September 13, 2012
Mayor Thomas Menino last week rejected a controversial plan to redraw City Council boundaries, pointing to District 4’s high concentration of voters of color as a factor.
“I am returning, with disapproval, your ordinance even though I recognize your efforts,” he wrote in a Sept. 6 letter to the council, which is tasked with redrawing the boundaries of council districts every ten years in order to account for population shifts revealed by US Census figures.
“My central objection is my concern that the plan concentrates our many citizens of color into too few districts, and in doing so may limit their equal opportunity to elect candidates of their choice. The concentration of black voting age population and non-white voting age population in District 4 is of particular concern. Under the map passed, almost 70 percent of the district’s voting age population is Black and almost 95 percent is Non-White. In a city where diversity is found broadly, I ask that you endeavor to avoid over-concentration of minority voters.”

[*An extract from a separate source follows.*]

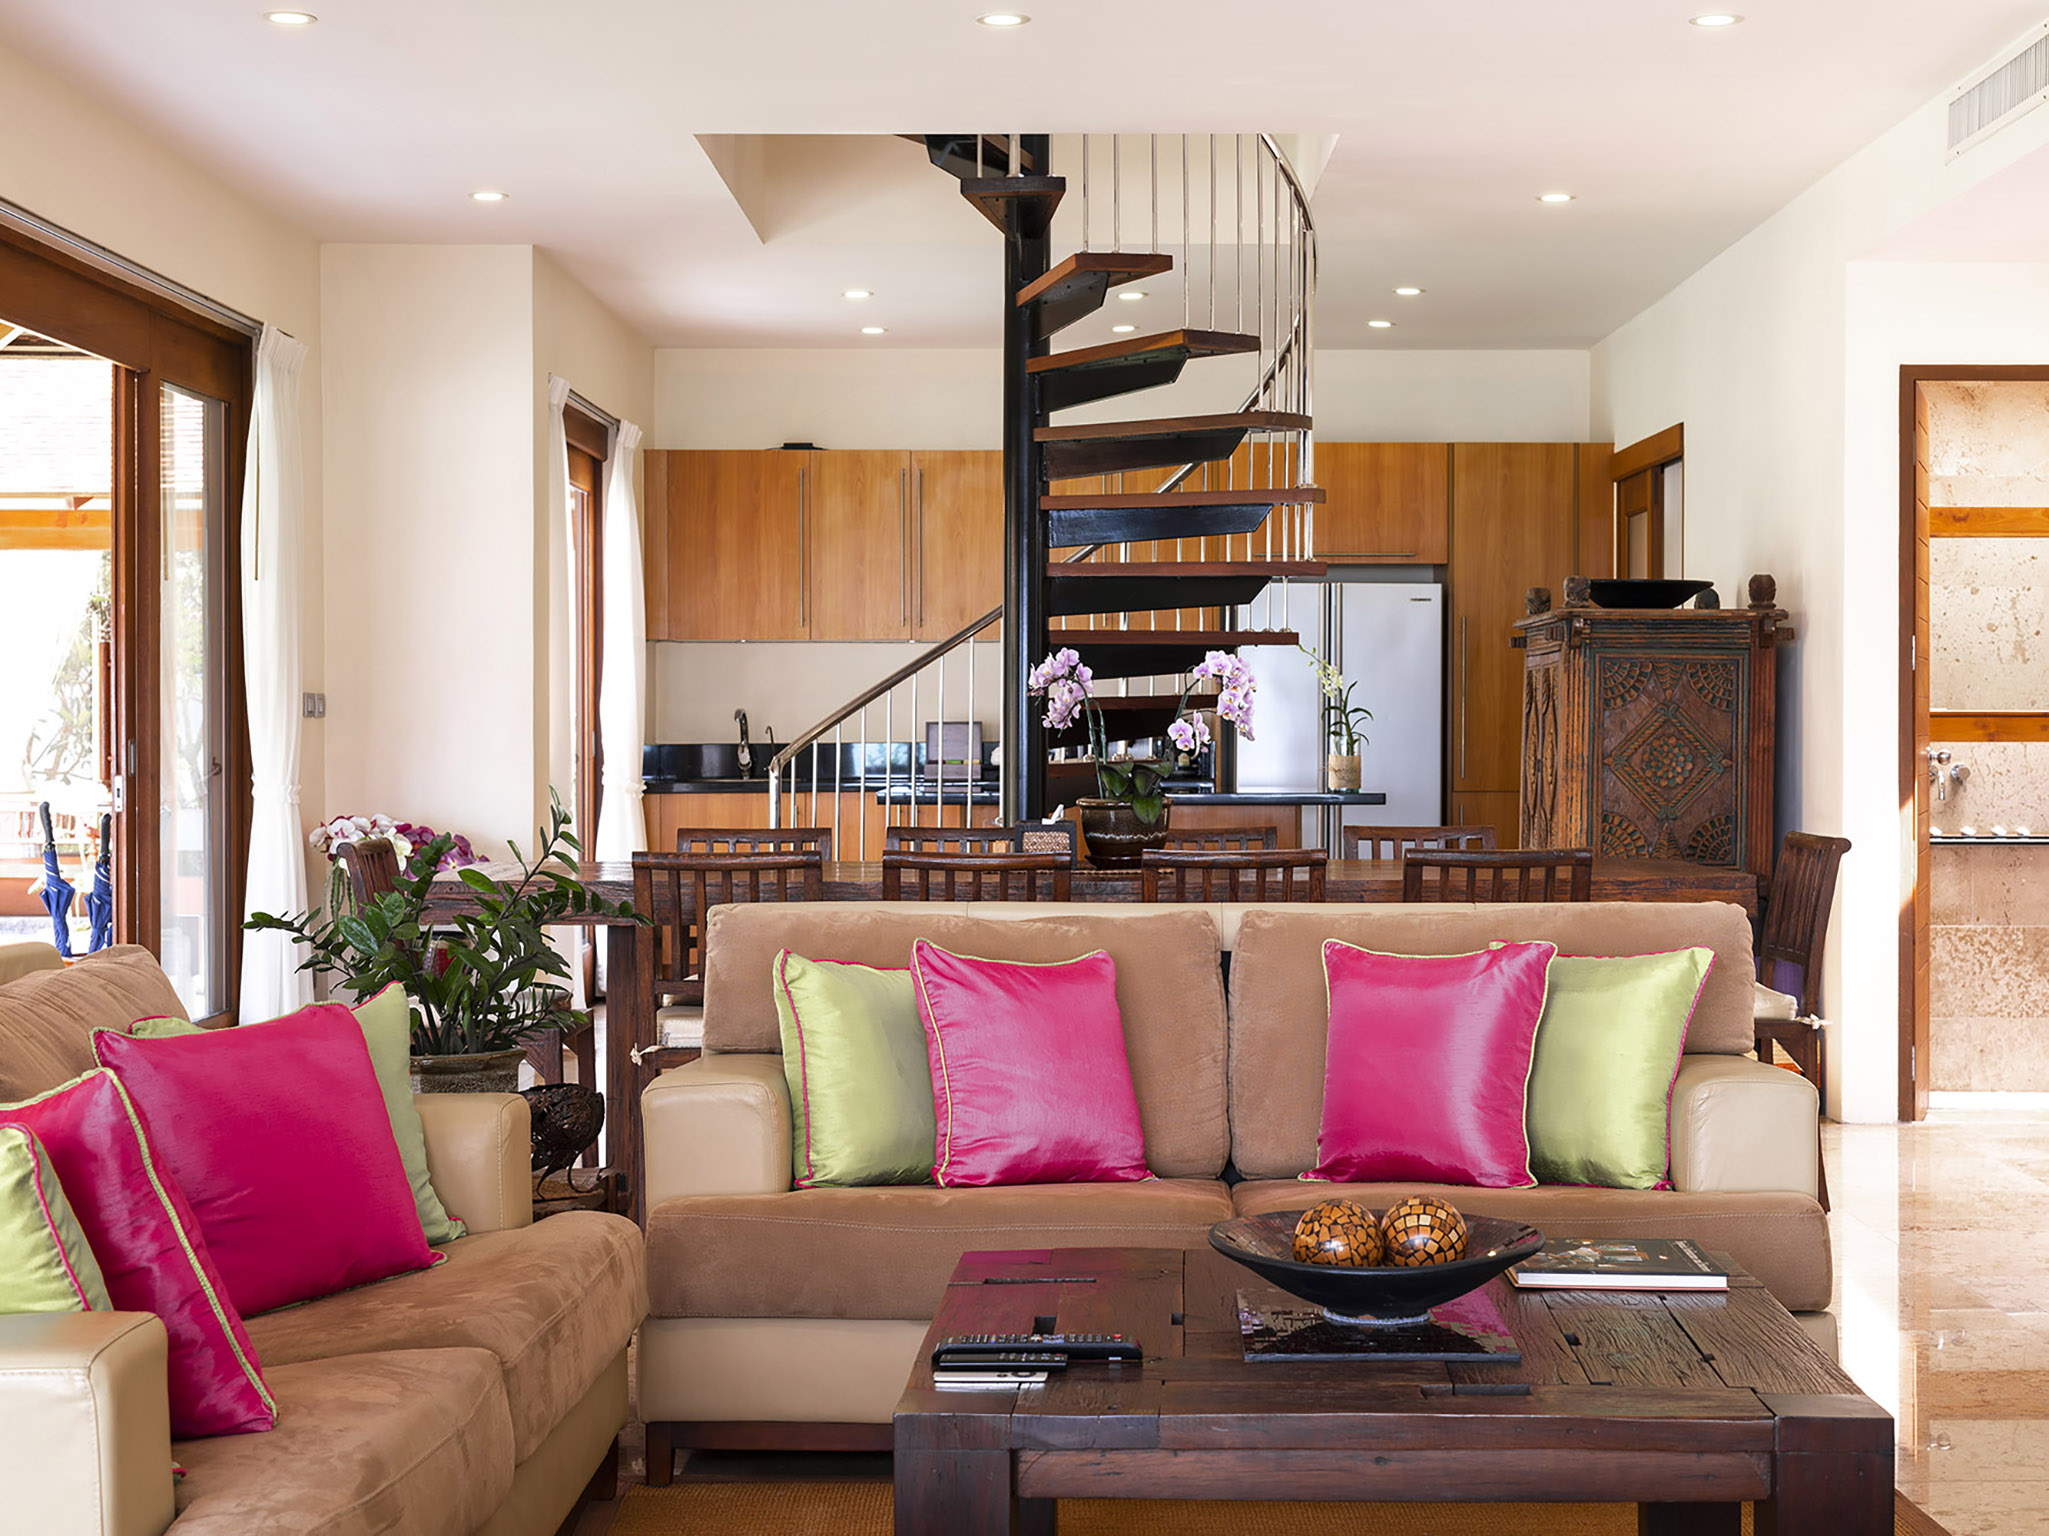 Tawantok Beach Villas - Villa 1 - Living room layout

District 4 is represented by City Councillor Charles Yancey, and includes parts of Dorchester and Mattapan.
A coalition of voting rights groups and civic organizations had threatened to launch a lawsuit if the mayor signed the proposed map. The Boston NAACP, which is part of the coalition, said it will hold a community forum on redistricting on Sept. 18 at Hibernian Hall in Roxbury, starting at 6 p.m.
Cheryl Crawford, director of MassVote, another group in the coalition, urged for the chairman of the council’s redistricting committee, District 2 Councillor Bill Linehan, to attend the forum. “Our goal is simple—to unpack District 4 and to not crack District 2 – and now we just need to figure out how to get there with them,” she said in a statement.

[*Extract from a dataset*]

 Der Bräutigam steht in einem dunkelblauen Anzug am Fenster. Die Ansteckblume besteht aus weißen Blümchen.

The council, which voted 7-6 in favor of the proposal that Menino ended up vetoing, has a November deadline to come up with a new map, since any person running for a district council seat must be living in the district a year before the election. Members, after spending 16 months hashing out proposals, are eyeing Oct. 21 or Oct. 22 as a deadline to get a new proposal to Menino’s desk.
“It’s going to be hard,” City Council President Stephen Murphy said Tuesday, calling for more participation in the process from fellow councillors.

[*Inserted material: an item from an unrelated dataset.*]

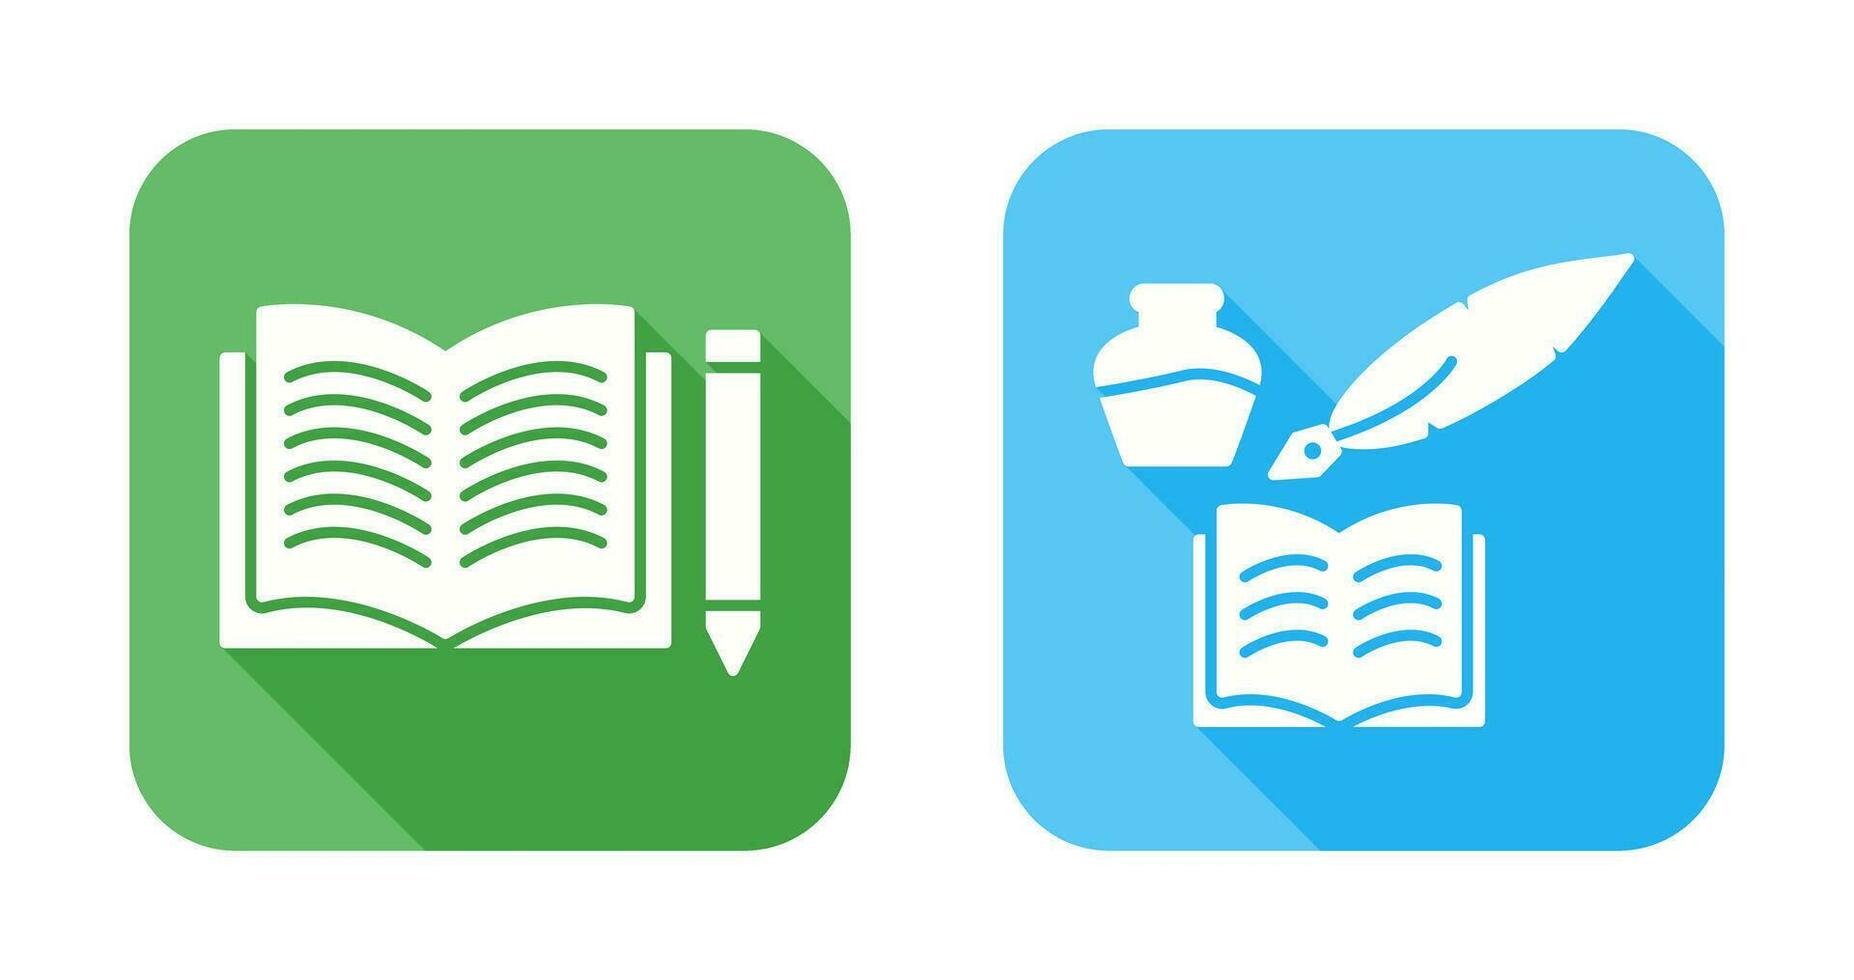 lápiz y libro y quiland libro icono vector

Those who said “no” to the Linehan map expressed relief over the mayor’s veto. “I am grateful Mayor Menino vetoed the redistricting map,” City Councillor At-Large Felix Arroyo, one of the six who voted against it, said in a statement. “I voted against the map because I believed we could do better. This is an opportunity to pass a map that best reflects our City and ensures everyone can have a voice in our government.”
City Councillor At-Large Ayanna Pressley, another opponent of the map who, like Arroyo, was down in Charlotte for the Democratic National Convention, took to Twitter, the social networking site, hours after the veto was announced. “I am glad to hear that Mayor Menino vetoed the redistricting plan,” Pressley said. “Back to work.”
District 7 City Councillor Tito Jackson said councillors should take another look at his map, which moves around fewer precincts than the Linehan map, which relocates the Polish Triangle (Ward 7’s Precincts 8 and 9) into District 3 and hands over Lower Mills precincts (Ward 17’s Precincts 12 and 14) to District 4. District 3, represented by Frank Baker, who voted for the proposal, also gains Ward 7, Precinct 7, which includes Carson Beach, and Ward 7, Precinct 10 and Ward 13, Precinct 5.
Yancey praised Menino’s veto, but remained adamant about placing Mattapan all in one district, which has put him at odds with activists and his colleagues. “Mattapan has to be reunited,” he said.